New trends identified by computers that scour web, satellite data
‘We are working with all kinds of data,’ said Dr Jon Blower, at the University of Reading, UK. ‘Smart machines can then help us find the needle in the haystack or, for example, identify interesting trends in petabytes of satellite imagery.’
It means, among other things, that new ways have been discovered to improve the efficiency of shipping by tracking ocean eddies, and to improve greenhouse gas emission estimates by tracking land-use change in the UK.
The technology taps into an increasing trend to open up access to the vast amounts of data being collected every day by global information systems (GIS), including the EU’s Copernicus system to observe the earth using a family of so-called Sentinel satellites.
‘Satellite imagery forms a big part of it,’ said Dr Blower. ‘The Sentinel programme got going part-way through our project, so we were able to take advantage of that data. There's also a lot of open geographic data that we can use, such as OpenStreetMap.’
His project is MELODIES, a pan-European initiative which has been funded by the EU to try to develop ways that these vast data stores can be interpreted and analysed. They’re doing it by using a technology called linked data which enables datasets to be connected and shared.
The Issue
All projects receiving Horizon 2020 funding have the obligation to make sure any peer-reviewed journal article they publish is openly accessible, free of charge.
In July, the EU updated the rules for its research funding to say that the data underlying publications should also be made available on an open-access basis as a default, unless any mitigating circumstances - such as intellectual property rights, personal data protection or national security concerns - apply.
It’s part of the policy of Open Science championed by Carlos Moedas, European Commissioner for Research, Science and Innovation.
‘We want to show open data publishers that if they put the data out there, people will use it,’ he said.
In September, the European Commission proposed new copyright rules that will give universities, research institutes, and research-performing companies more legal rights to perform text and data mining. The proposed law would benefit those working with big data for public interest purposes.
Interoperability
Researchers at the coal face of open data say that linking information together and making vast datasets searchable is by far the biggest problem they encounter—whether they are start-ups, universities or research institutes.

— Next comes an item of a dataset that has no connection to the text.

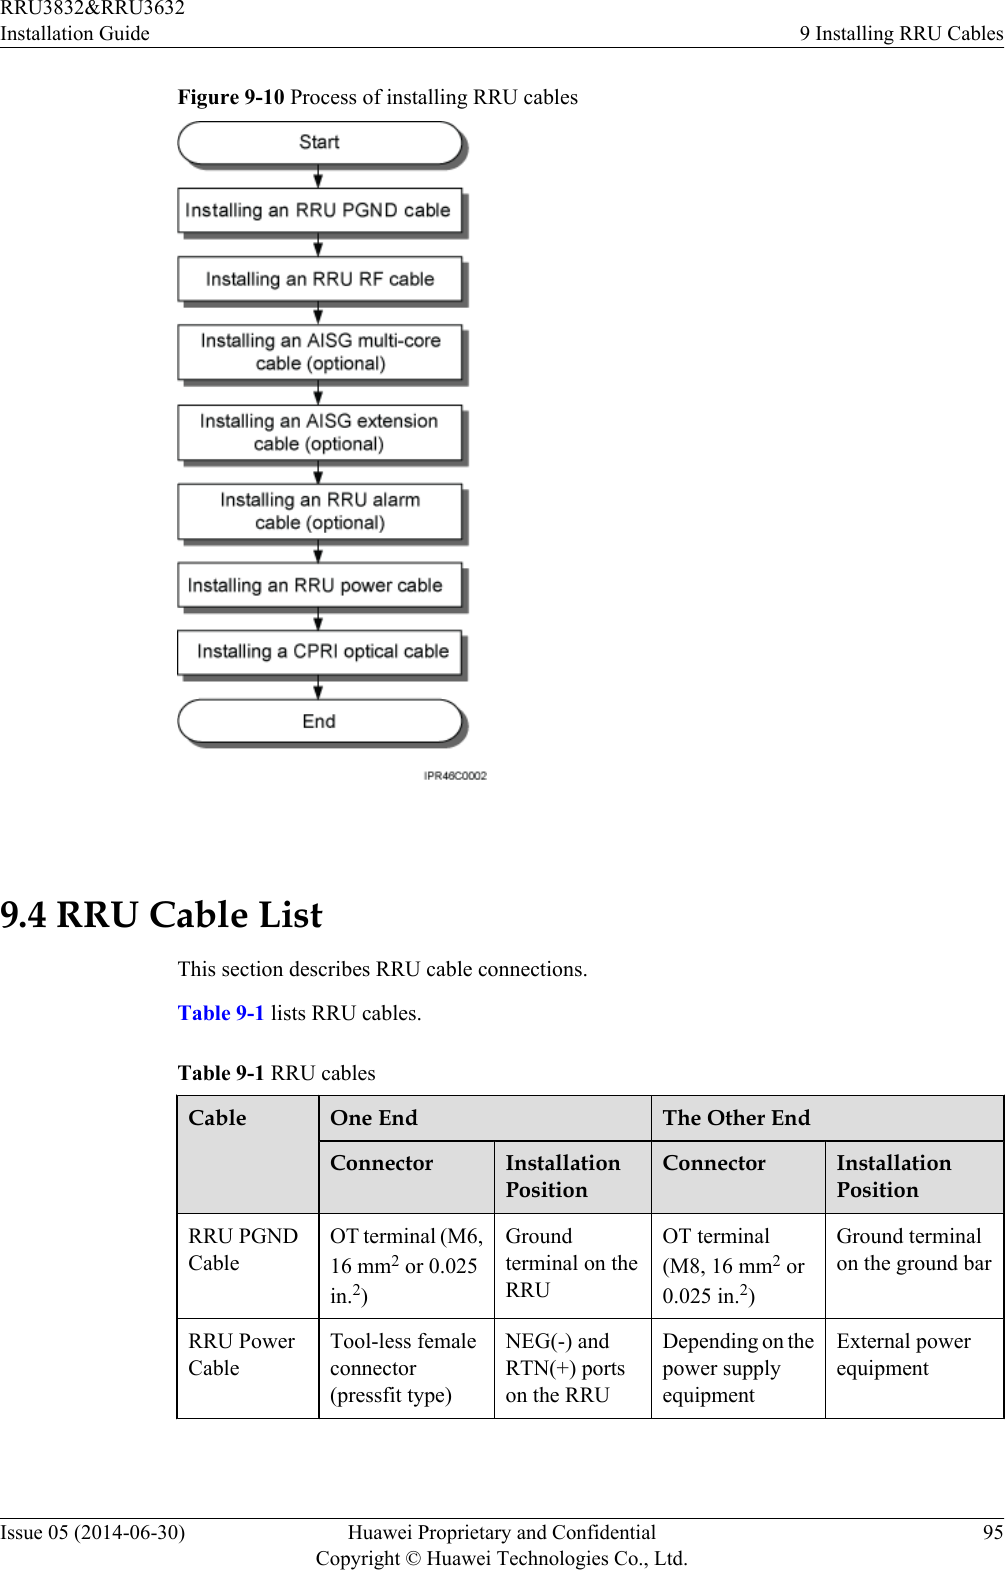 Figure 9-10 Process of installing RRU cables 9.4 RRU Cable ListThis section describes RRU cable connections.Table 9-1 lists RRU cables.Table 9-1 RRU cablesCable One End The Other EndConnector InstallationPositionConnector InstallationPositionRRU PGNDCableOT terminal (M6,16 mm2 or 0.025in.2)Groundterminal on theRRUOT terminal(M8, 16 mm2 or0.025 in.2)Ground terminalon the ground barRRU PowerCableTool-less femaleconnector(pressfit type)NEG(-) andRTN(+) portson the RRUDepending on thepower supplyequipmentExternal powerequipmentRRU3832&amp;RRU3632Installation Guide 9 Installing RRU CablesIssue 05 (2014-06-30) Huawei Proprietary and ConfidentialCopyright © Huawei Technologies Co., Ltd.95
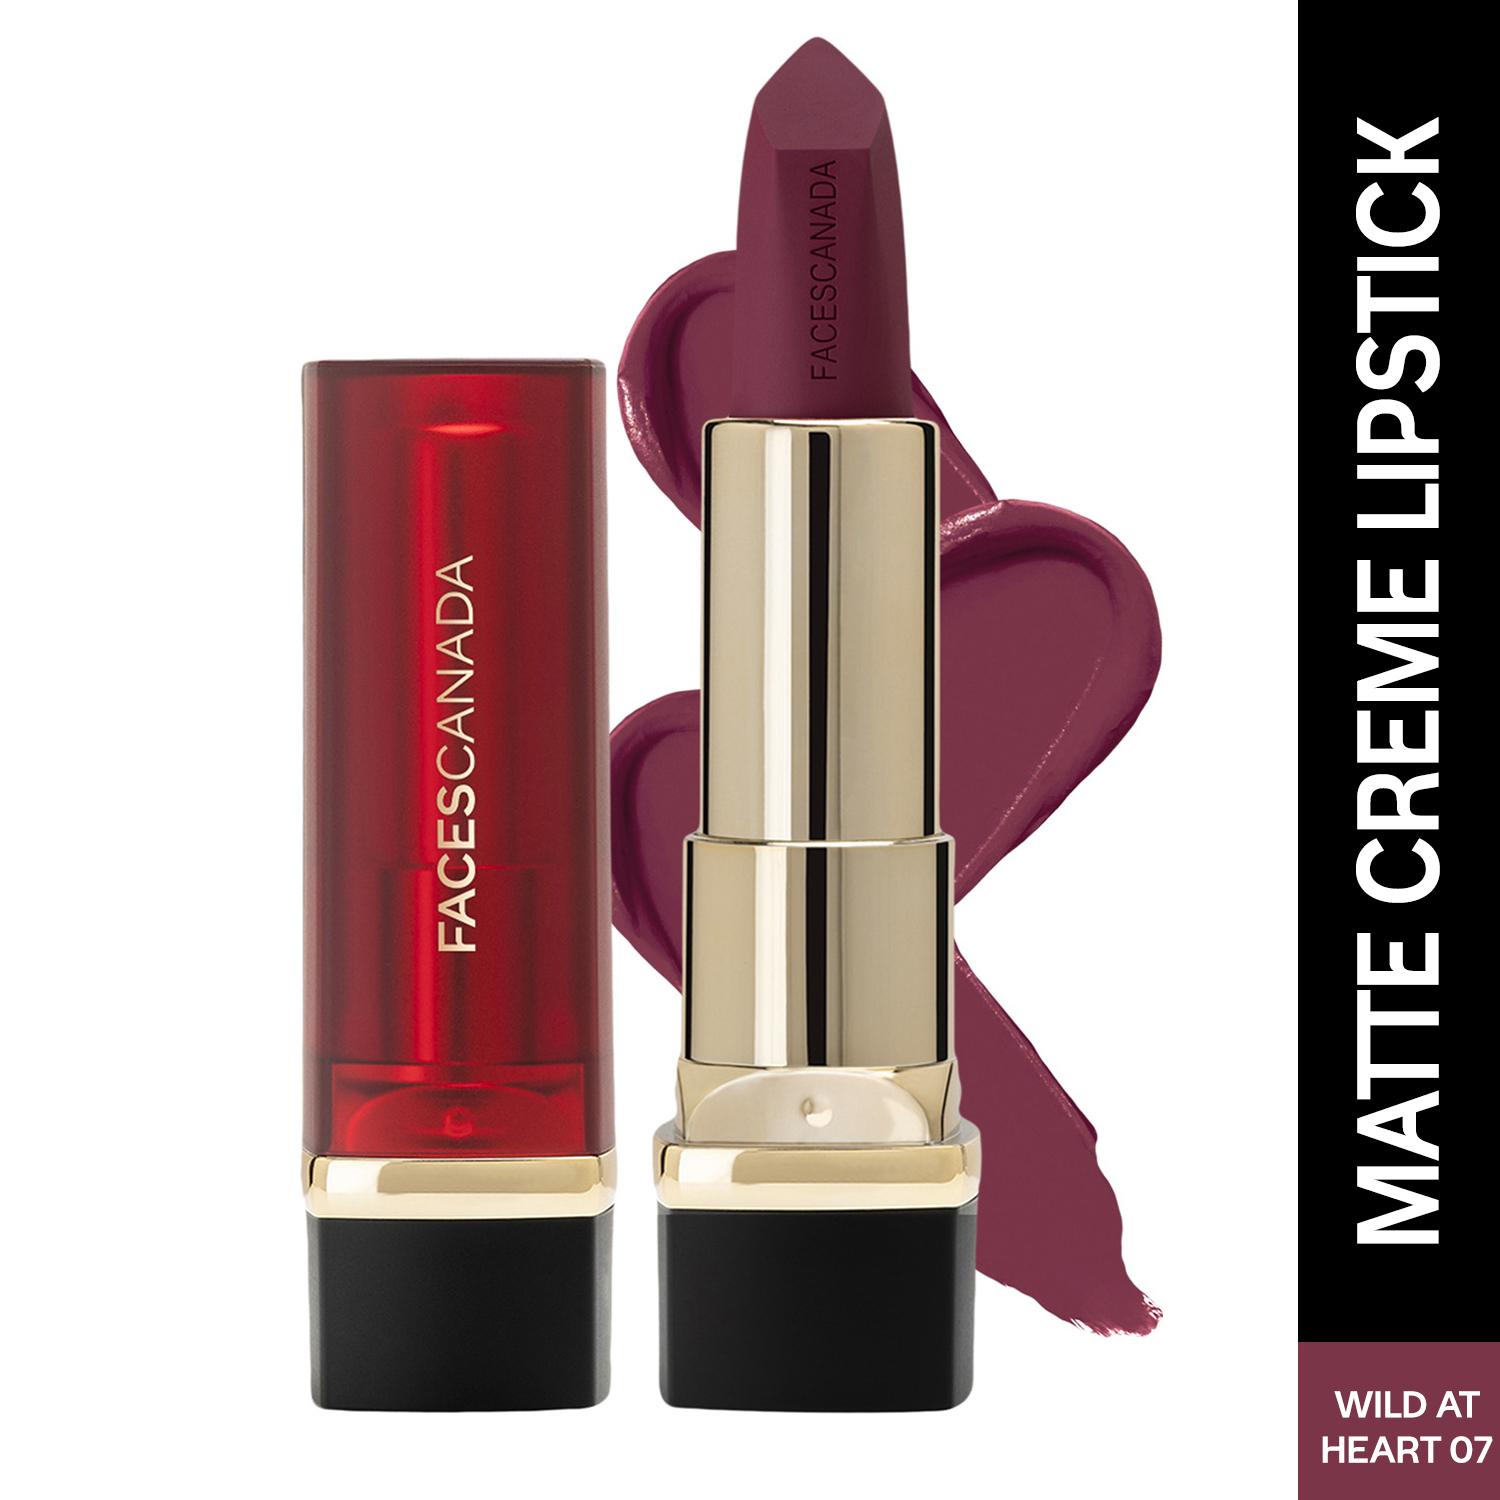 Faces Canada | Faces Canada Comfy Matte Crème Lipstick, 8HR Long Stay, Intense Color - Wild At Heart 07 (4.2 g)

That’s why a number of researchers are working specifically on linked data, creating tools that allow datasets of different sizes and formats of data to be connected and searched.
‘Linked data is a framework of tools and practices for exposing, sharing and connecting information,’ explained Jesús Estrada from the SmartOpenData project which created a way of linking up a number of different European environmental datasets.
‘The key idea is that each data provider wants to publish information and this information is easily understandable by others.’
This is done by creating meaningful, or semantic, connections between datasets that can identify different representations of the same content. For example, a linked open data system would allow geographical data points from different datasets to be interpreted as ‘roads’ or ‘rivers’ and contain relationships, such as ‘road goes over river’, allowing people to obtain comparable or complementary information from different sources.
The SmartOpenData project set up five pilots where their system is used for environmental management. For example in Italy, datasets on algae, sewage, pollutants from rivers, chemicals, groundwater monitoring and wastewater treatment have been combined to help authorities monitor overall water quality in Sicily.
The next step is to allow small- and medium-sized enterprises to build on this and take advantage of a growing market. Open data is projected to create 25 000 new jobs in the EU between 2016 and 2020, with market size growing from EUR 55.3 billion in 2016 to EUR 75.7 billion by 2020.